Brilliant! That’s a fantastic idea! And it will be so easy, since they’re already done! I’ll add a few more. Bada bing, bada boom.

Bada waitaminute - what if I find out how these landmarks came to be in the first place? I can tell their whole stories. I am a storyteller, after all.

The simple idea turned into something much, much more involved. It’s also much, much better, and is a work of which I’m truly proud.

It’s taken a long time to get here. I was swimming along, researching and writing. This would be a non-traditional guide book. Readers would learn the history of each landmark and then find out everything they needed to know to visit today. The launch party was set. We’d be, appropriately, in the English Room at the Blackstone Hotel on March 26, 2020.

And then...COVID-19. We canceled the launch party. I still had chapters to write, but I couldn’t think. I wrote intermittently as I tried to figure out how we were going to survive. I’m a travel writer. My business—my income—disappeared overnight. I was in panic mode. I’d write a chapter here and there, but it was slow. So very slow. I was also contributing the Illinois and parts of the South Dakota sections for Midwest Road Trip Adventures, a commitment I’d made pre-pandemic and which involved ten other authors. It wasn’t something I could set aside.

And then...cancer. I turned fifty in May 2020 and I knew I was about ten years behind on getting a mammogram. Turns out, I got one at the exact time I needed it. The test came back abnormal. They ordered an ultrasound, which confirmed a mass. The biopsy proved it was cancerous.

Book? What book.

Fortunately, my tumor was tiny.
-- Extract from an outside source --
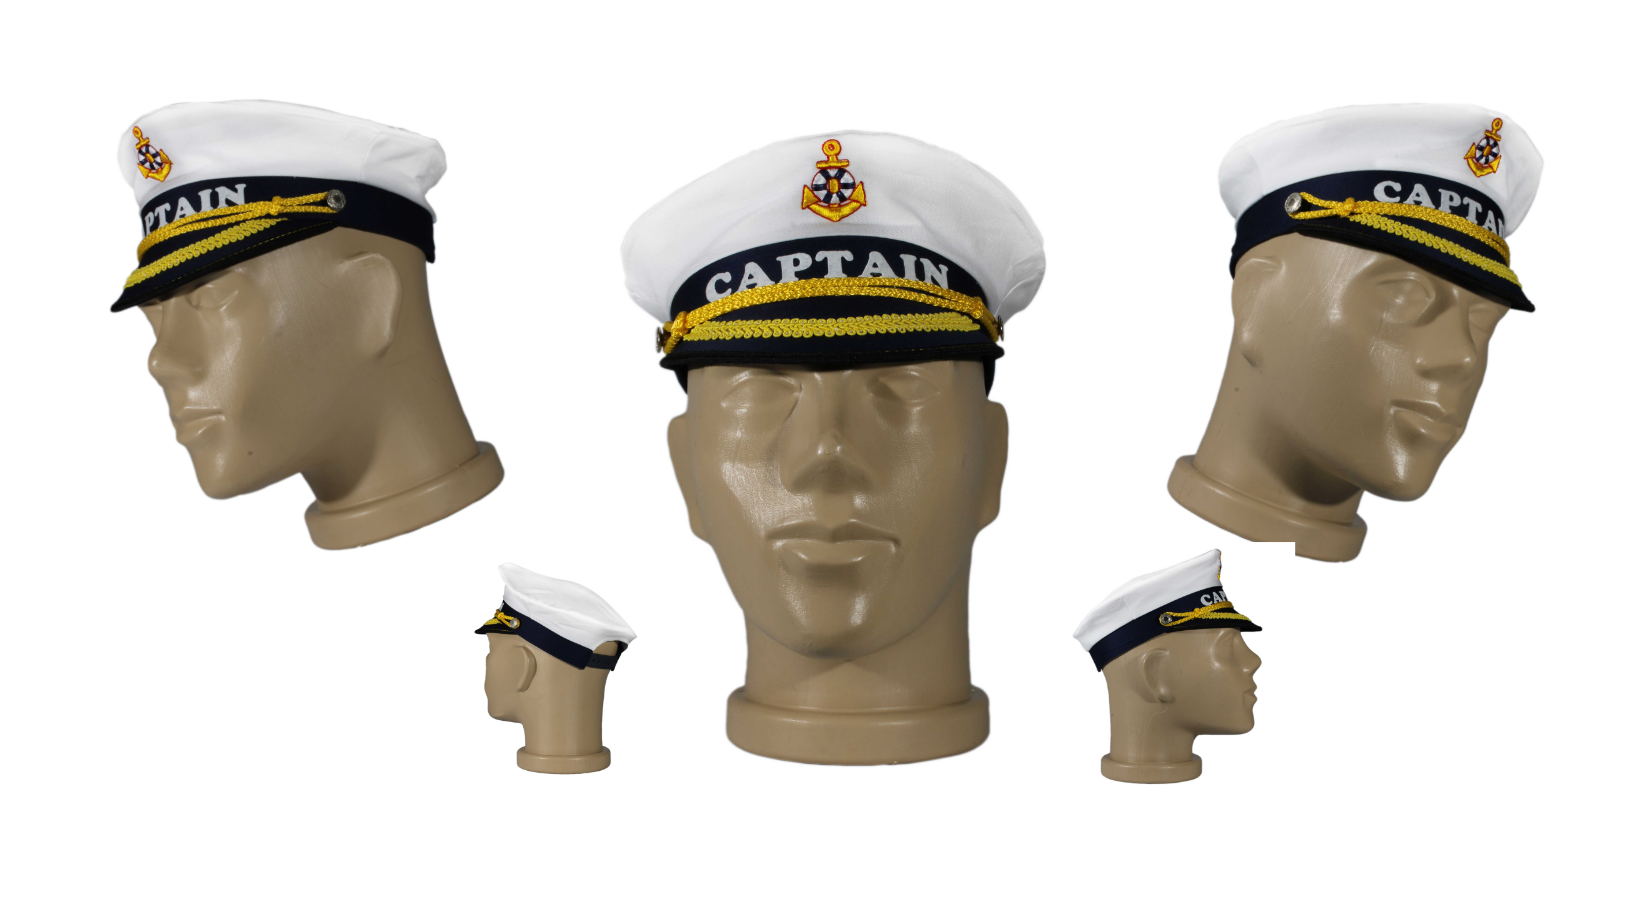 Sailor Series Captain Hat

So tiny that it would have to grow five times its size for me to have felt it in a manual exam. (Women - schedule your mammograms!) My treatment has been relatively easy, compared to what I’ve seen friends of mine who have more advanced cancers experience. Chemo sucks and this is the worst thing I’ve ever gone through, but I am grateful deep in my soul that we found it when we did.

As we went through the months and months of lockdown, and I went through my additional cancer-dictated isolation, I realized that I wanted to write something that was less of a guidebook, however non-traditional, and more of an exploration into what made Chicago, a city I love, into what it is today. I wanted to bring these landmarks to life.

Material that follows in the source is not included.